Typischerweise reduziert sich die Produktionszeit eines Fachartikels durch den Einsatz bei Recherche und Rohfassung um etwa 30 bis 50 Prozent. Diese gewonnene Recherche- und Tippzeit fließt idealerweise direkt in die Qualitätskontrolle, in Interviews mit Inhouse-Experten und in die Distribution.

Kann KI die finale redaktionelle Freigabe übernehmen?

Nein. Die inhaltliche Richtigkeit, die Einhaltung von Compliance-Vorgaben und die strategische Positionierung müssen zwingend von einem menschlichen Experten geprüft werden. Sprachmodelle halluzinieren gelegentlich plausibel klingende, aber falsche Fakten zusammen.

Dementiert Google Texte, die mit KI geschrieben wurden?

Google bewertet nicht zwingend den Einsatz des Werkzeugs, sondern die Qualität des Ergebnisses.
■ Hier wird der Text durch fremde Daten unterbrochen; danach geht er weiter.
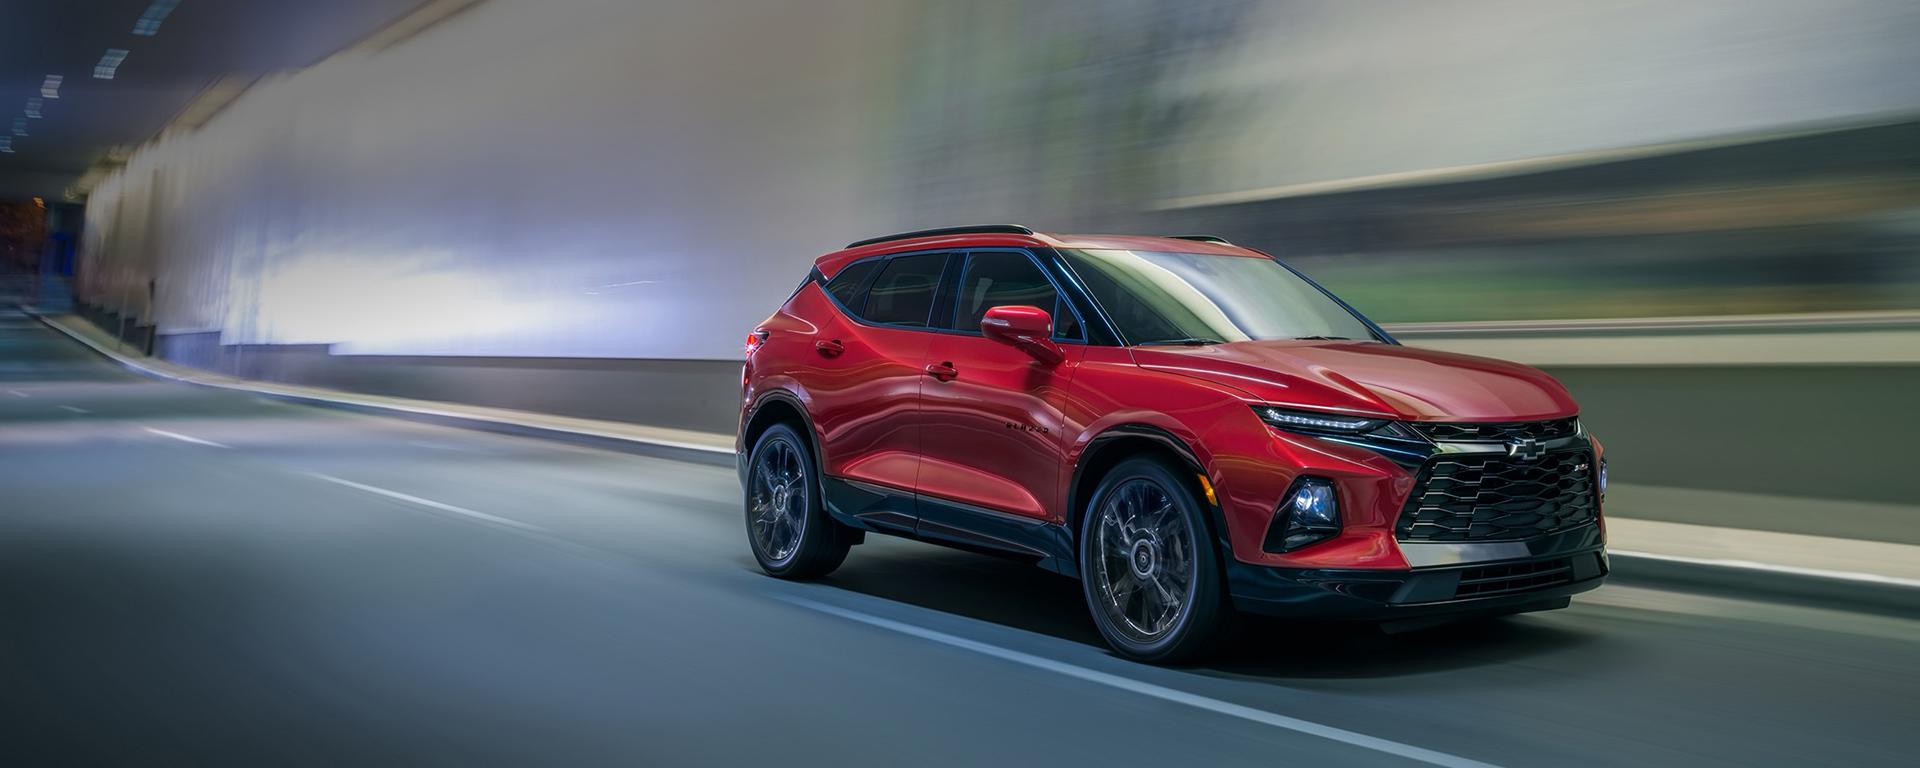 2020 Chevrolet Blazer Front Passenger 3/4 View

Bietet der Text echten Nutzern wertvolle Erkenntnisse (E-E-A-T), rankt er hervorragend. Dünne, vollautomatisiert erstellte Massenartikel ohne Mehrwert stuft Google hingegen aktiv herab.

Wie sieht ein realistischer Produktions-Workflow im Mittelstand aus?

In unseren Mandaten hat sich ein vierstufiger Ablauf bewährt: Erstens Briefing mit Sales- und Support-Inputs sowie 5 bis 10 Konkurrenz-Quellen. Zweitens KI-gestützter Strukturentwurf mit H2-Plan, FAQ-Vorschlag und Schema-Skizze. Drittens menschlicher Erstentwurf mit Inhouse-Datenpunkten, Zitaten und Beispielen — hier verlässt der Text die KI komplett. Viertens redaktionelle Endabnahme durch Fachexperten plus Schema-Validierung. Reine KI-Drafts ohne Schritt drei landen erfahrungsgemäß im AI-Slop-Filter und werden weder von Google noch von Perplexity zuverlässig zitiert.

Welche Tools nutzen wir für die KI-gestützte Phase konkret?

Für Recherche und Vergleichs-Sammlung Perplexity Pro mit Sonar-Pro-Online, für Strukturentwürfe ChatGPT mit eigenem GPT inklusive Brand-Voice-Anweisung, für Faktencheck Claude (geringere Halluzinationsrate bei Definitions-Fragen), für Schema-Generierung ein hauseigenes Skript mit Schema.org-Validator. Wichtig: jede dieser Tool-Entscheidungen wird im Briefing dokumentiert, damit das Ergebnis reproduzierbar bleibt und nicht von der Tagesform einer einzelnen Person abhängt.